### EXERCISE DATA
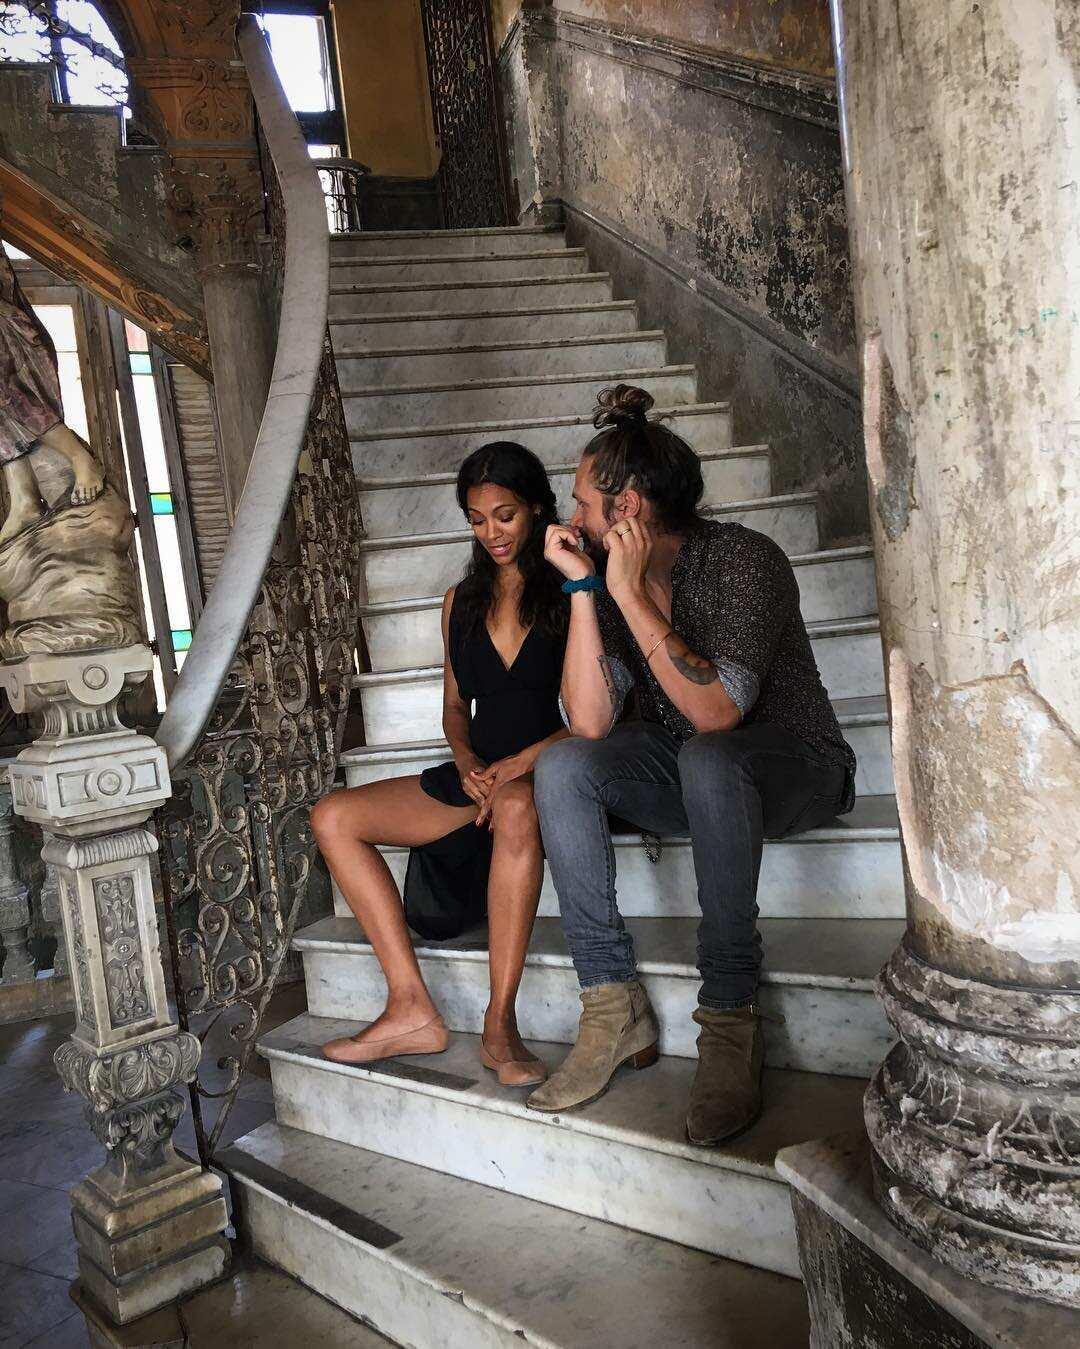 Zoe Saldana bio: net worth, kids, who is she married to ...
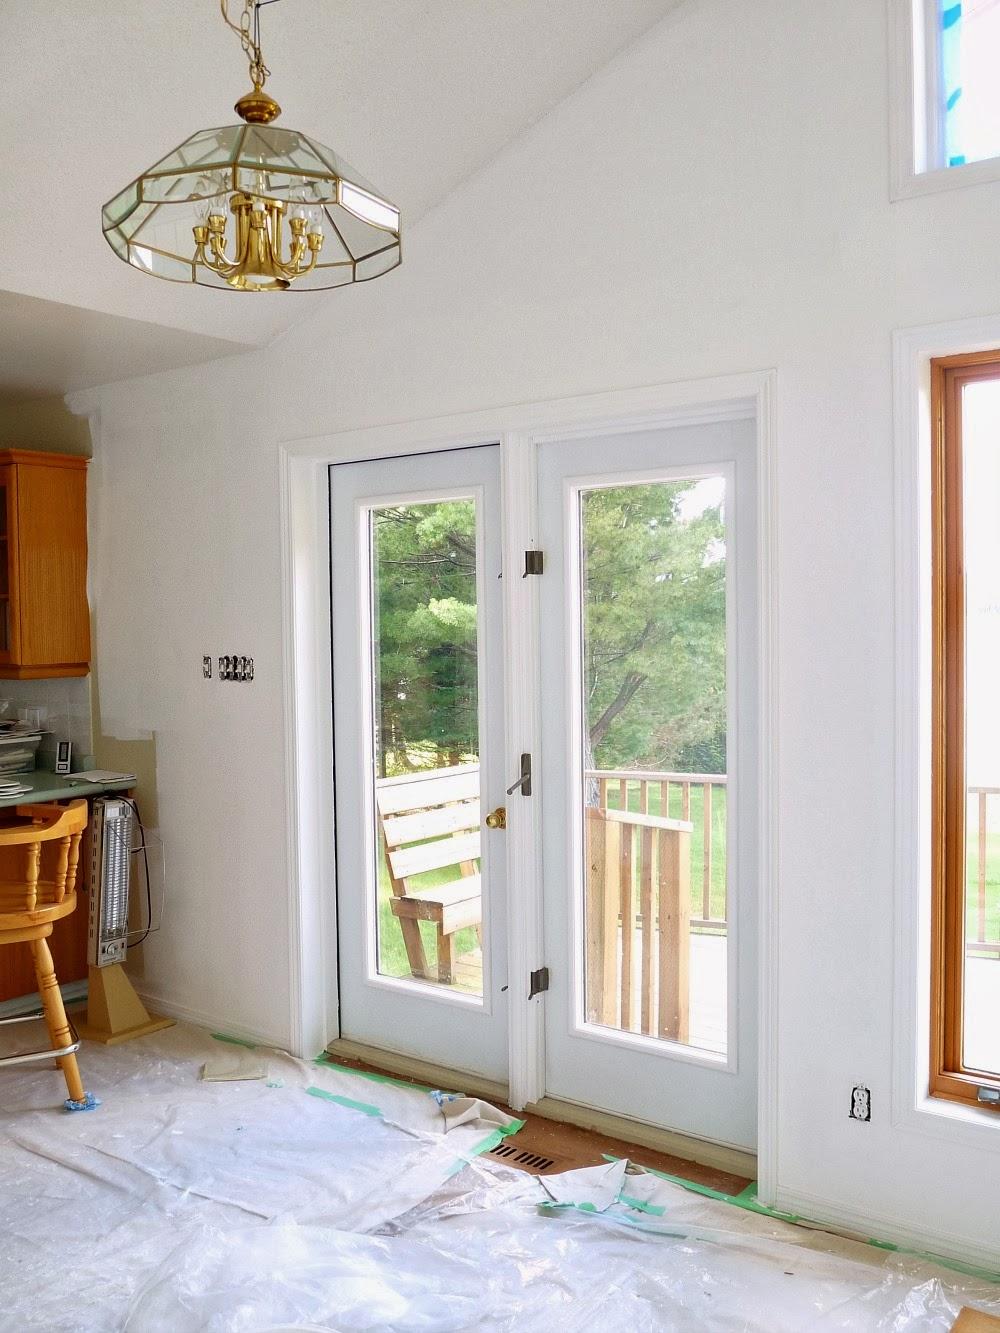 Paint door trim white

* * *

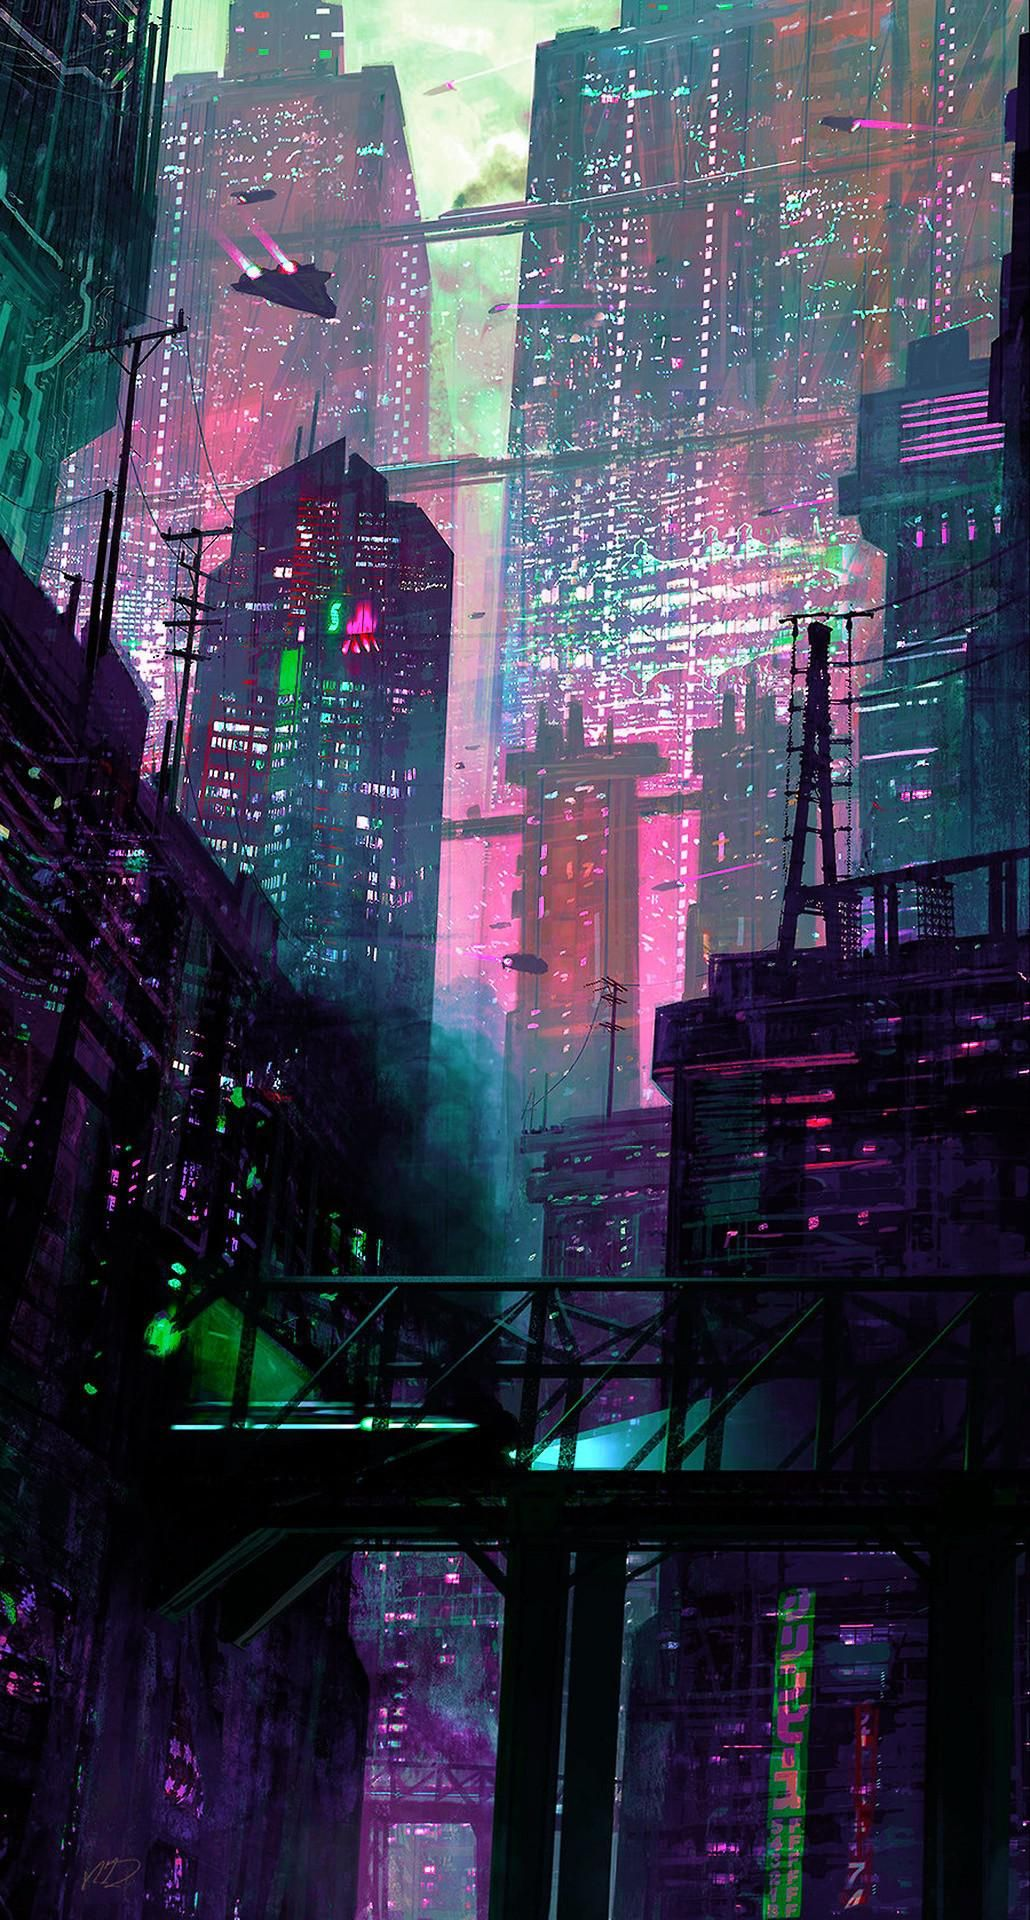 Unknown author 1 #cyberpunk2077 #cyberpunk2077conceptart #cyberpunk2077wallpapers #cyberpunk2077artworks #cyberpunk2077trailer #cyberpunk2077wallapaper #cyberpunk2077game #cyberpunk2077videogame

### BRIEF
How would the lines above read from the one with "Zoe Saldana bio: net" to the one with "Paint door trim white", inclusive, with no pictures? Write them out exactly.

### RESULT
 Zoe Saldana bio: net worth, kids, who is she married to ...
 Paint door trim white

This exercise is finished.